• [REQUIRED ACTION]
In the entries below, which lines run from the one containing "elephants in dump" to the one containing "Mokokoma Mokhonoana - Employers"? Copy exactly those lines, ends included, and no others.

• [DATA SUPPLIED]

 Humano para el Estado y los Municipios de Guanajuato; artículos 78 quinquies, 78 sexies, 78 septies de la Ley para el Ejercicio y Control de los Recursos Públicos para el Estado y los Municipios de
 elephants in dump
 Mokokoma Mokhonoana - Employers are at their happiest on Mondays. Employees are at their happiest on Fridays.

--

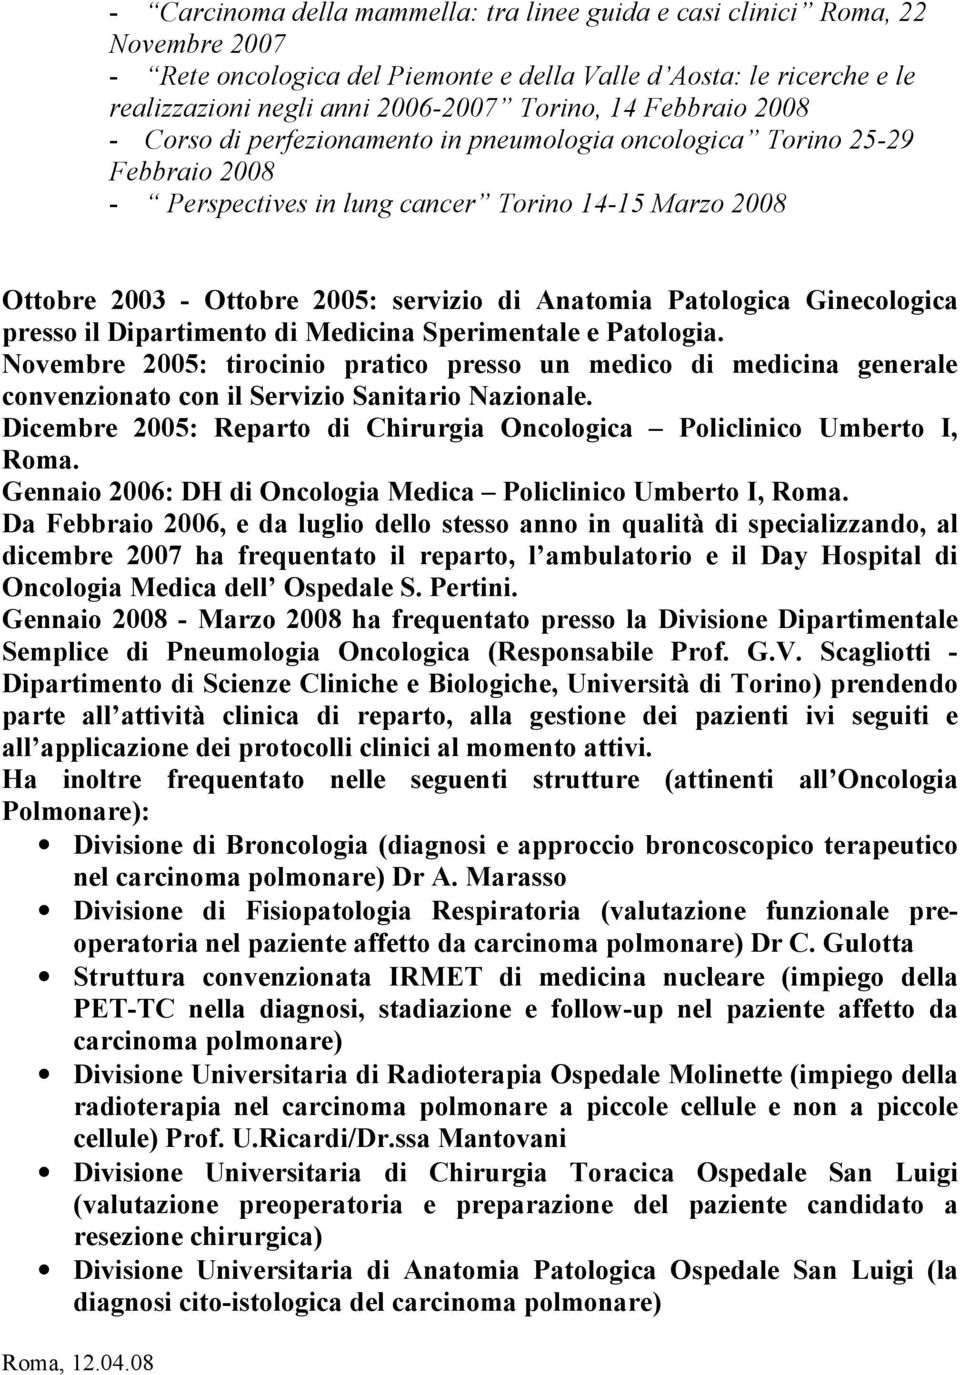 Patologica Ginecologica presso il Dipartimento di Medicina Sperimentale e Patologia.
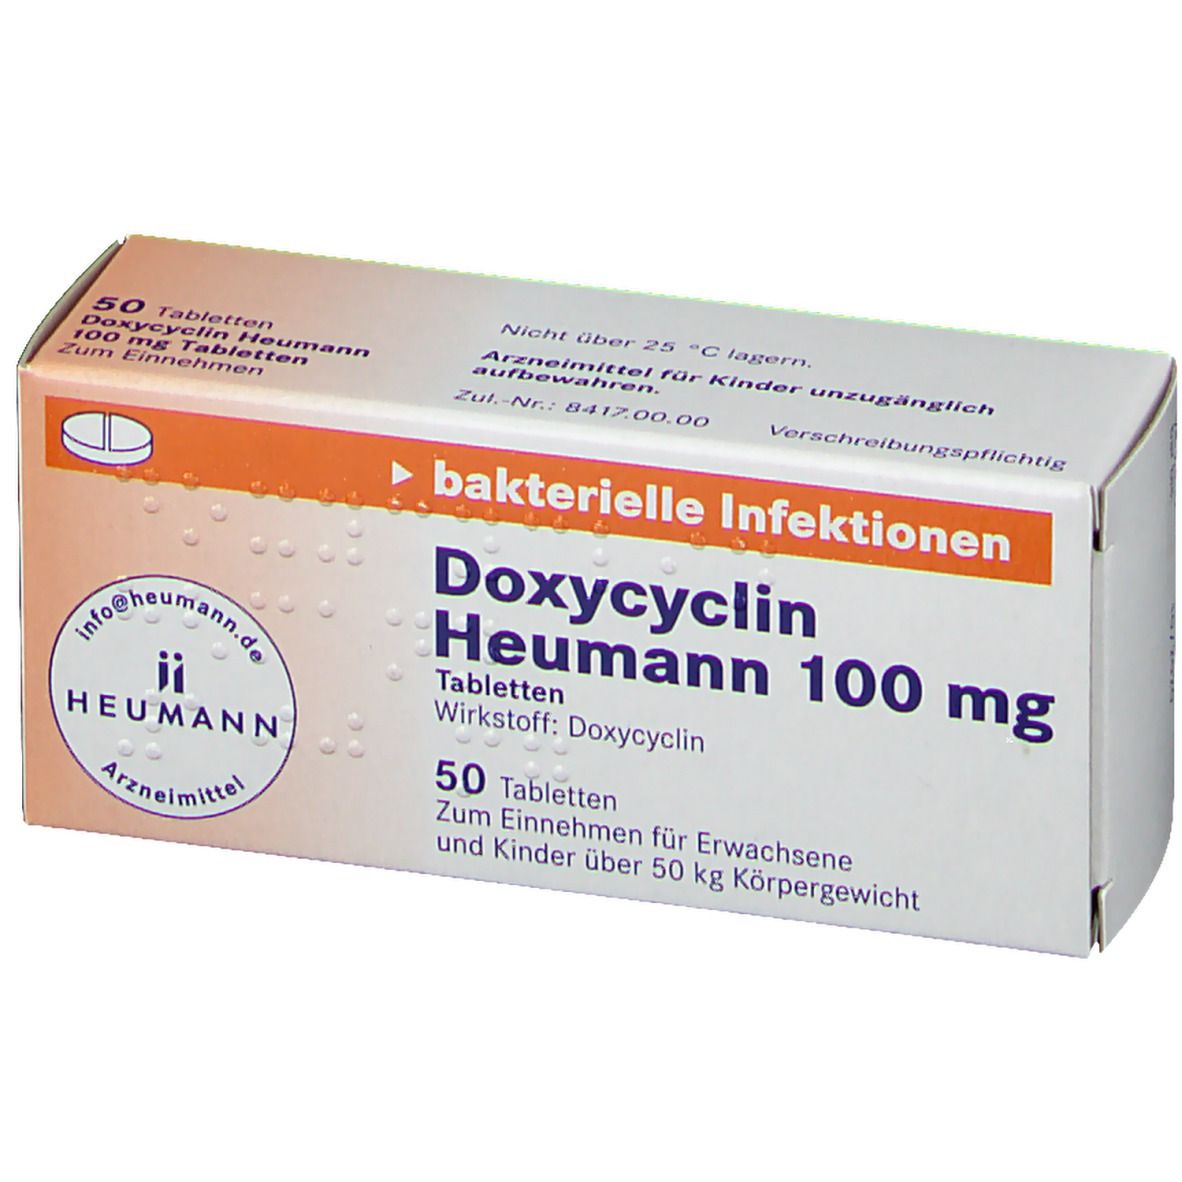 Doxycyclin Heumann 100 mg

--

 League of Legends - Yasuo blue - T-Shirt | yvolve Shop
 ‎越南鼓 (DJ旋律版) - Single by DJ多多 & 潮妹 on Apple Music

• [OUTPUT FOR THIS TASK]
 elephants in dump
 Mokokoma Mokhonoana - Employers are at their happiest on Mondays. Employees are at their happiest on Fridays.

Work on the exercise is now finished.